*PROBLEM:*
In the data below, find the line containing "PBR Textures Volume" and the line containing "Wednesday, May 22The", then reproduce them and every line between, exactly. Omit pictures.

*THE INPUT:*
================

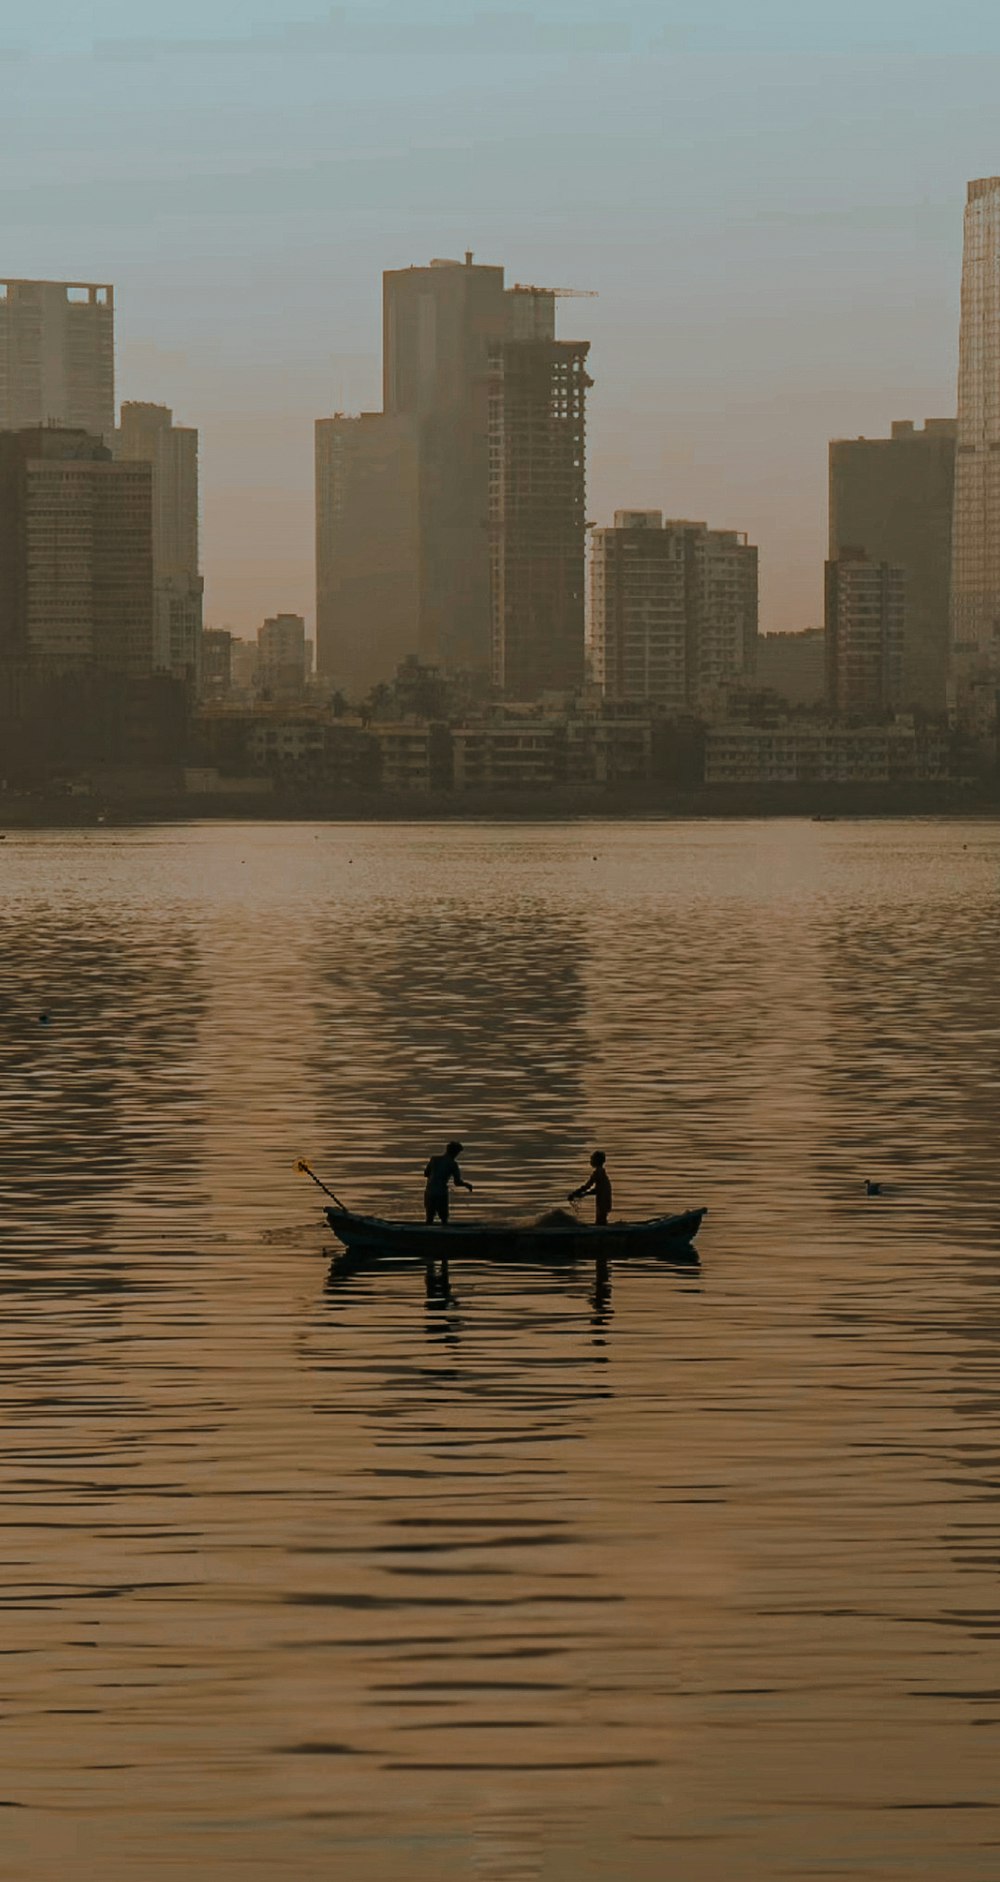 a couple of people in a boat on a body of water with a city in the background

================

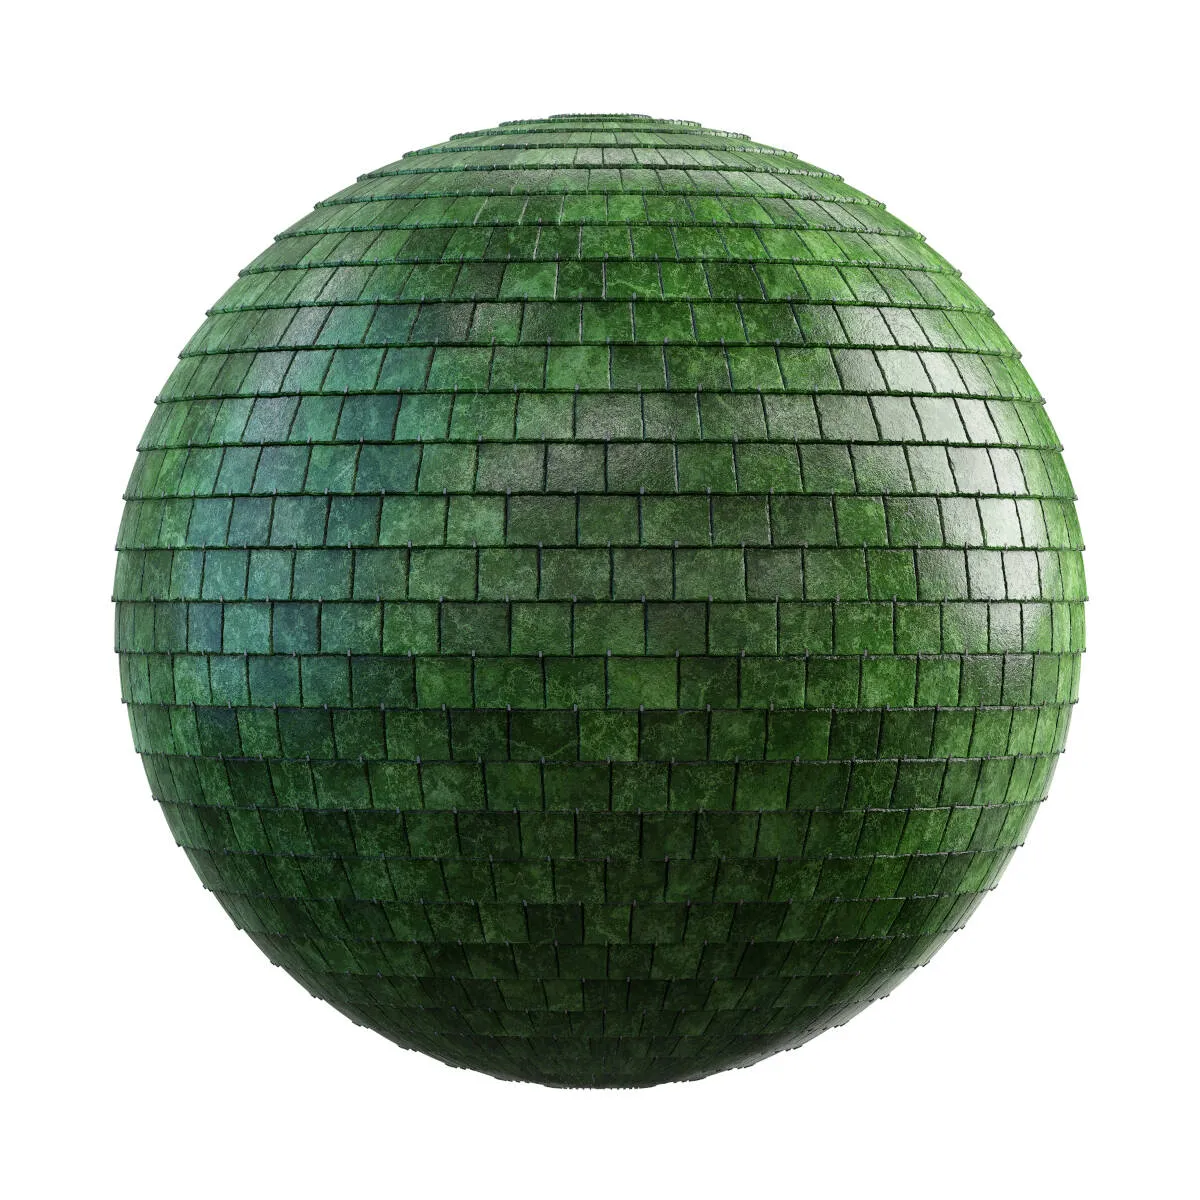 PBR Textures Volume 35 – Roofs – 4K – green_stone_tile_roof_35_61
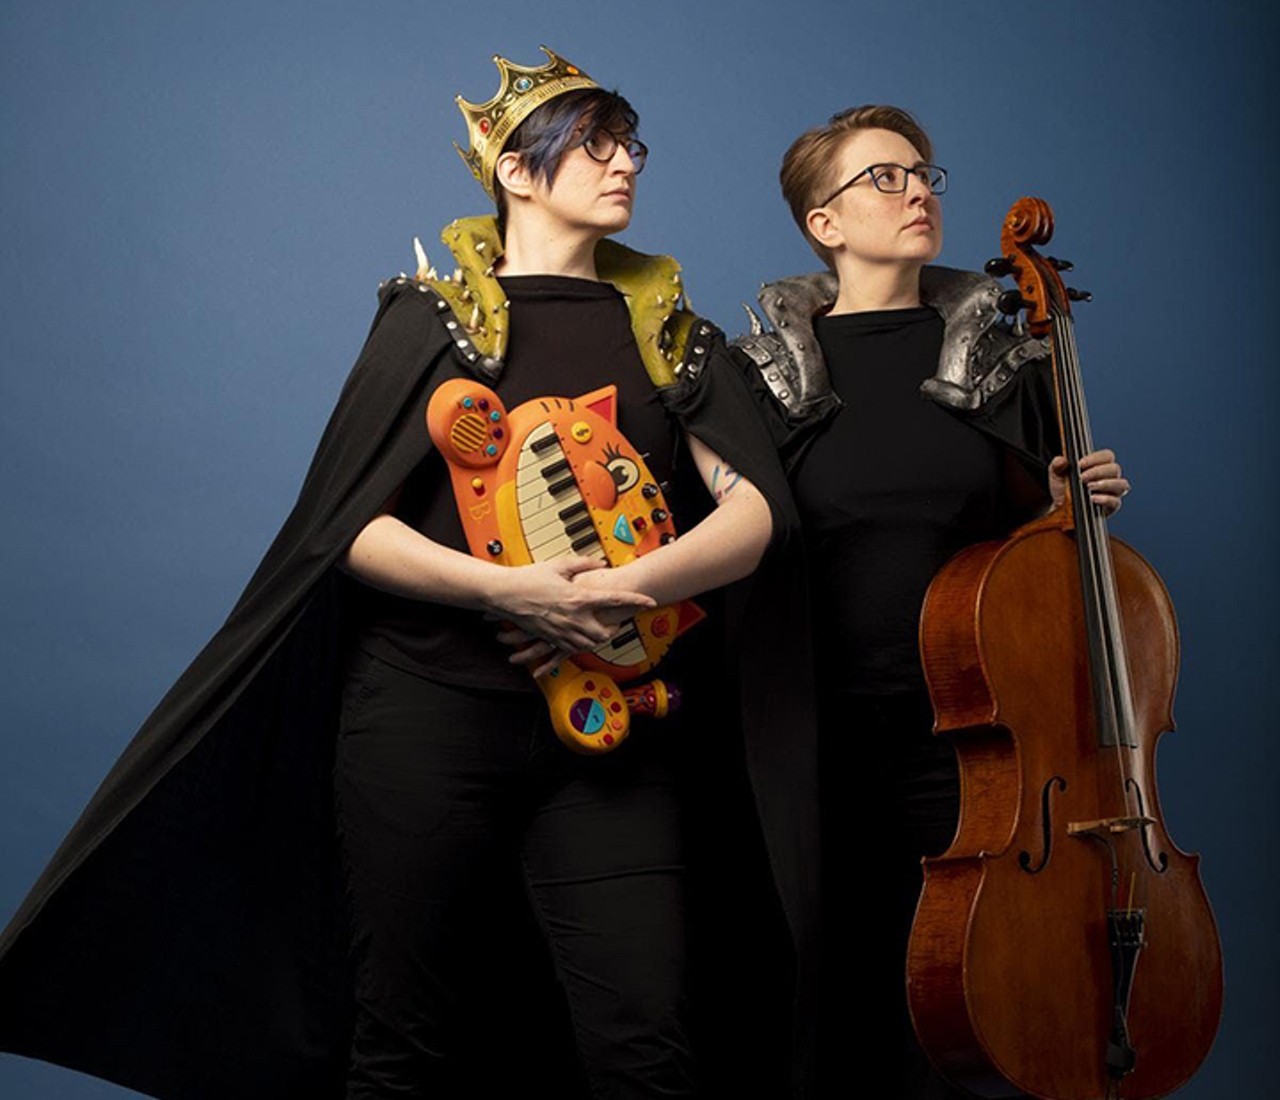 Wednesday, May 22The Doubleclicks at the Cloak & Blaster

================

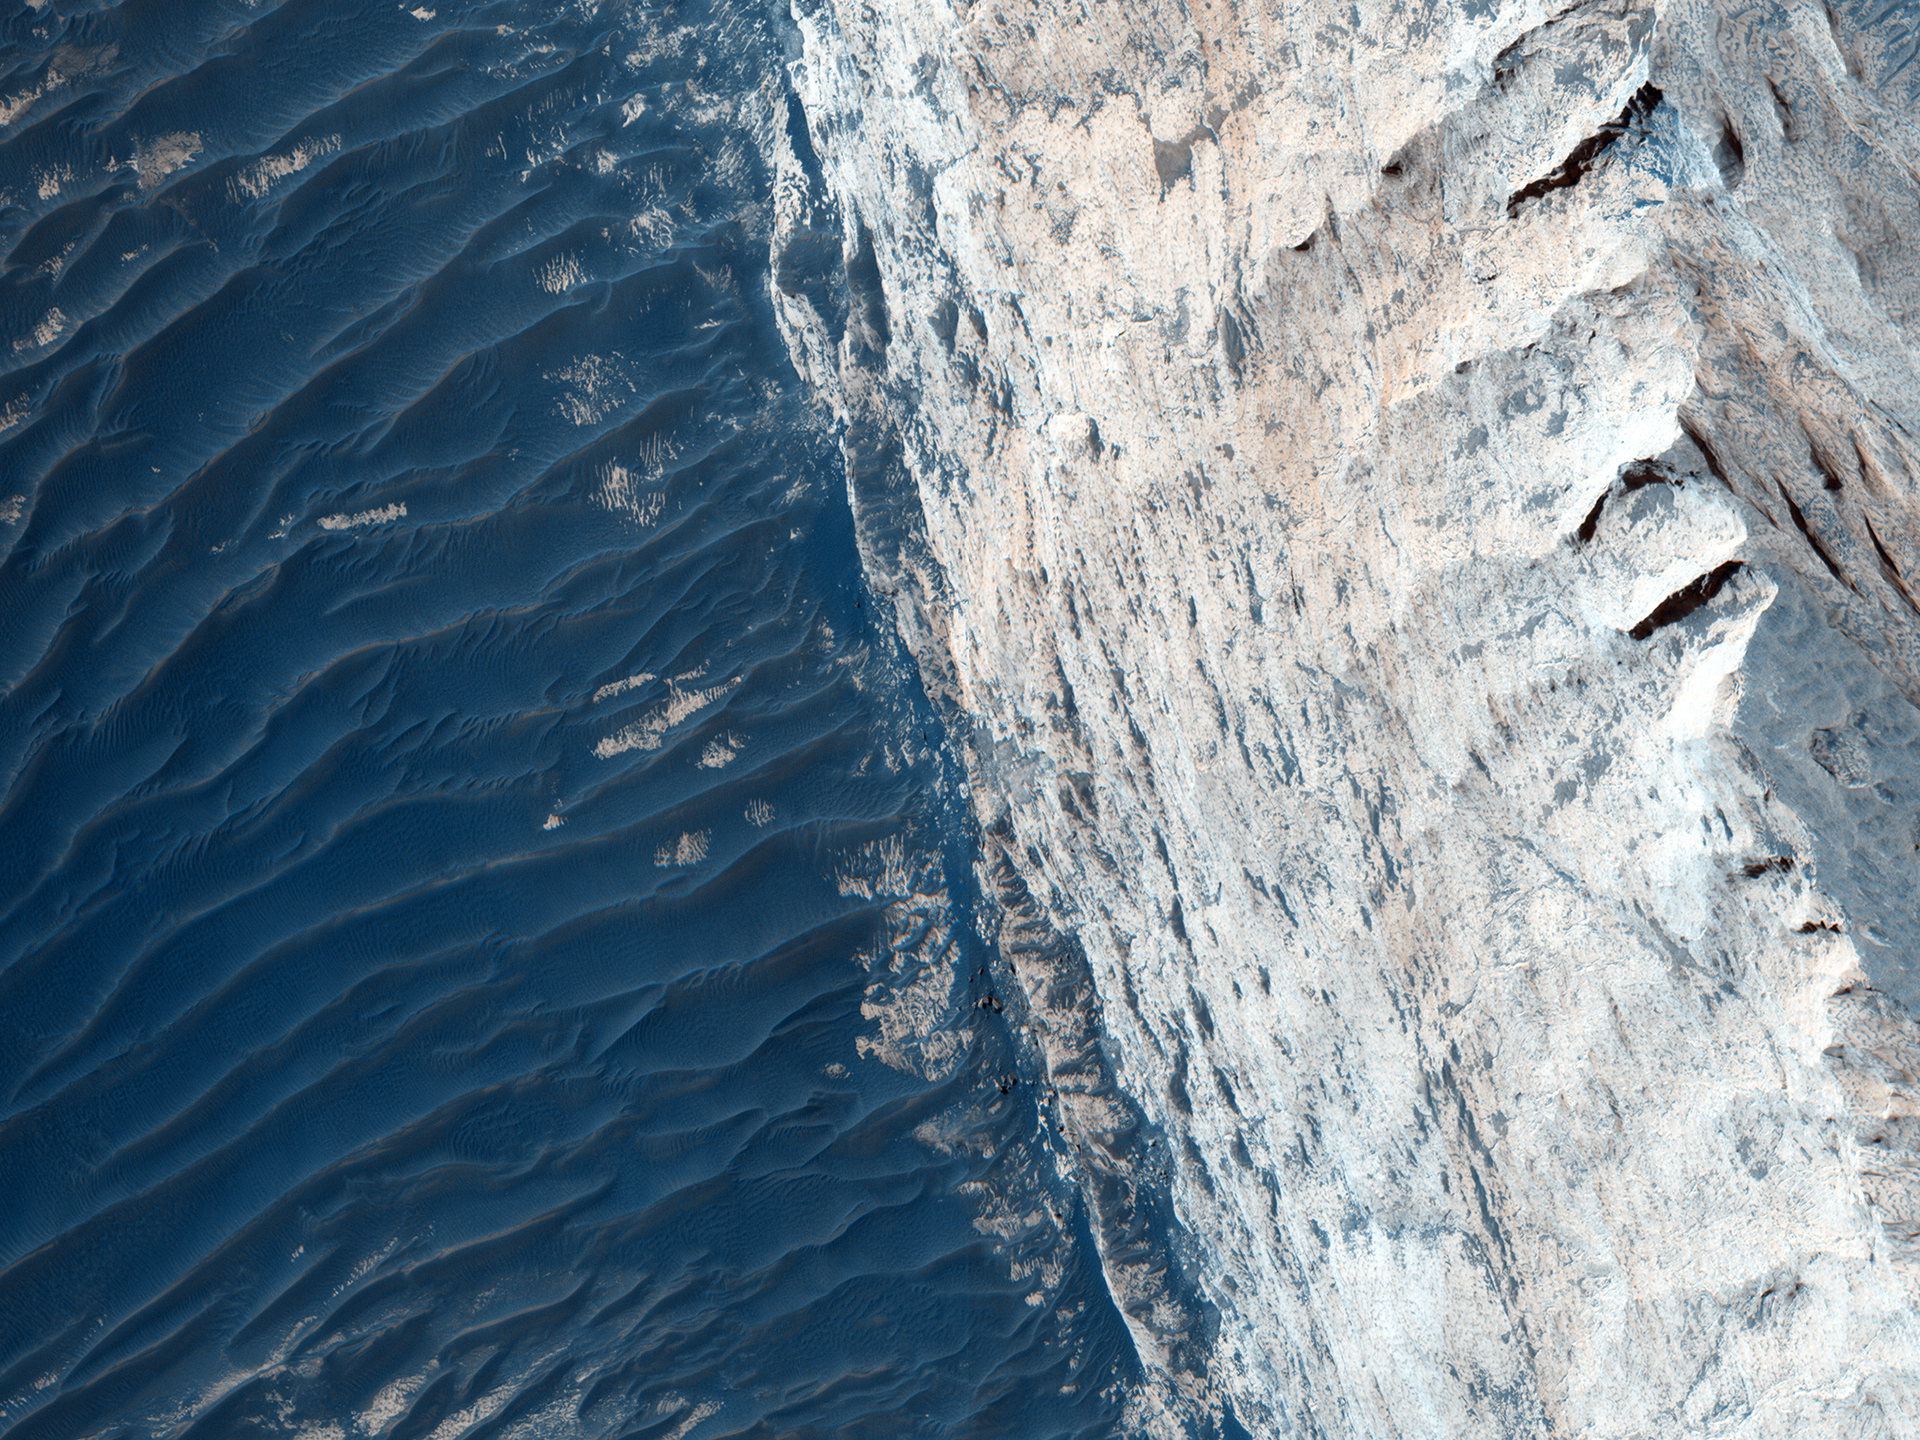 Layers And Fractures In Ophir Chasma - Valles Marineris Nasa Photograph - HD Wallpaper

================

*FINISHED EXERCISE:*
 PBR Textures Volume 35 – Roofs – 4K – green_stone_tile_roof_35_61
 Wednesday, May 22The Doubleclicks at the Cloak & Blaster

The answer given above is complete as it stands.